Management was explicit that these increases can be achieved within ASML's existing manufacturing footprint. "All the capacity increases, either planned or investigated, are based on our existing footprint," Fouquet said, noting the company has spent the past six to nine months optimizing cleanroom space rather than breaking ground on new facilities. Dassen added an important nuance: because the 2027 tool mix shifts from a blend of D and E models to primarily E and F models, the unit increase understates the real capacity add. "What you're looking at is not a 30% improvement of wafer capacity that we're adding, but approximately 45%," he said, once the higher throughput of newer models and ongoing upgrade sales to the installed base are factored in.

Analysts pressed on whether 85 and 110 units represent a ceiling. Dassen was clear ASML is not waiting for firm purchase orders before investing. "We're not waiting. We're preempting," he said of the 2028 scenario, noting the company doesn't yet have orders for 110 EUV Low-NA tools but is acting on strong demand signals from customers.

High-NA Reaches a Production Milestone With Intel

ASML confirmed that Intel Foundry is now using High-NA EUV technology on its 18A process node to produce a subset of Intel Core Ultra Series 3 processors, a milestone the company called an important step in proving High-NA readiness in a production environment. Fouquet used the announcement to push back on the narrative, following TSMC's public comments, that High-NA pricing is out of step with the value it delivers. He argued the logic mirrors ASML's earlier transition to Low-NA EUV: cost advantages only materialize once the platform reaches sufficient maturity. "The key for High-NA to be cost-effective, to beat the cost of Low-NA plus immersion multi-patterning, is to bring High-NA to the right maturity," he said, calling the Intel milestone "maybe the strongest sign so far that we're getting there." Full-year 2026 High-NA system recognition remains unchanged at four to five tools.

On whether logic or memory customers adopt High-NA first at scale, Fouquet declined to pick a side, noting both segments are moving toward heavier multi-patterning on Low-NA over time and both are actively qualifying High-NA on product wafers.

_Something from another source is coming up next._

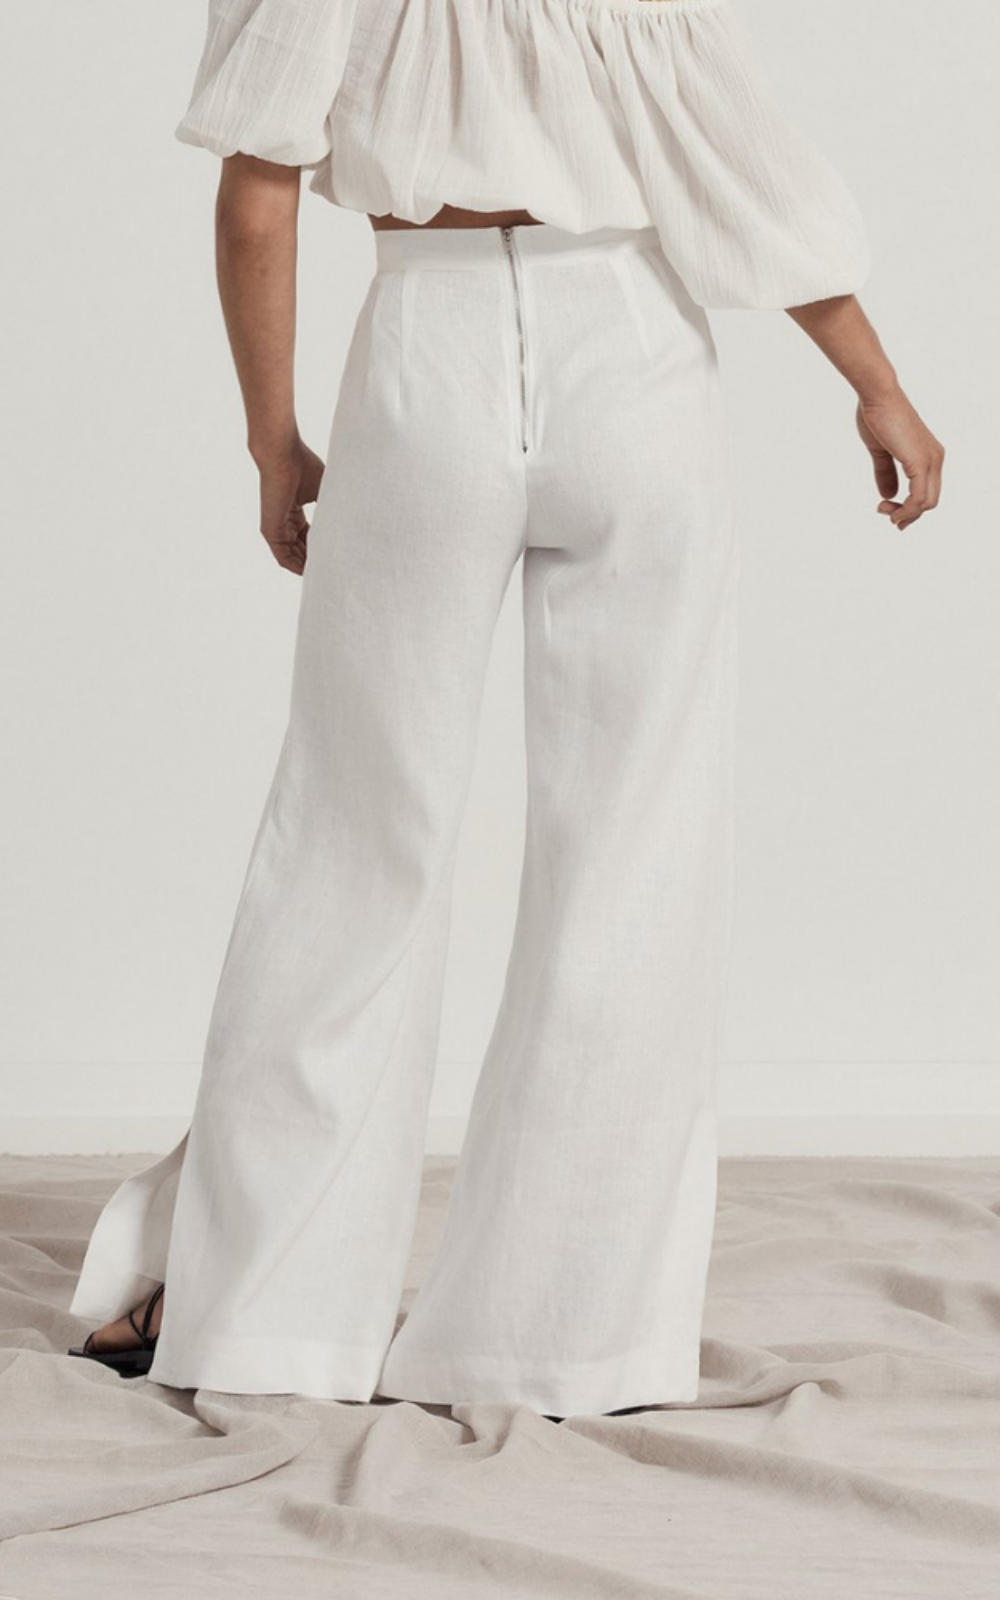 Chanel Flares - White

Margin Trajectory Points Higher Into 2027

Gross margin came in at 54% in the quarter, above guidance, aided by high-margin components within the installed base business. Management guided third-quarter gross margin to 55%-57% and pointed to a further step-up in the fourth quarter, driven by a richer EUV mix, stronger immersion volumes in the back half after a deliberately weak first half, and continued installed-base strength. Dassen noted the company is effectively done shipping D-model EUV tools this year, as the underlying ZEISS optic is sold out, meaning 2027 shipments will consist entirely of higher-throughput E and F models. "That mix will come with a better ASP than the mix that we have this year, because it also will come with higher productivity... and also comes with a better gross margin profile," he said, while stopping short of guiding 2027 margins directly.

Operating Leverage Is Becoming a Structural Story

Cantor Fitzgerald's C.J. Muse flagged that second-quarter revenue grew roughly 35% year-over-year while operating expenses grew only about 6%, prompting a question about whether that ratio of incremental operating margin is sustainable. Dassen confirmed the company intends to keep managing R&D and SG&A tightly rather than scaling headcount in line with revenue, as it did in past upcycles. "We believe that with the team that we have today, we can really entertain a very aggressive roadmap going forward," he said, suggesting operating leverage should continue to improve in coming quarters rather than reverse.

China remained steady at around 20% of total net sales, in line with overall company growth and driven mainly by mainstream logic demand, suggesting no material change in the geographic mix despite the broader capacity buildout. ASML set its next Capital Markets Day for June 10, 2027, where it will update longer-term targets to reflect the shift in market and technology dynamics since the prior update.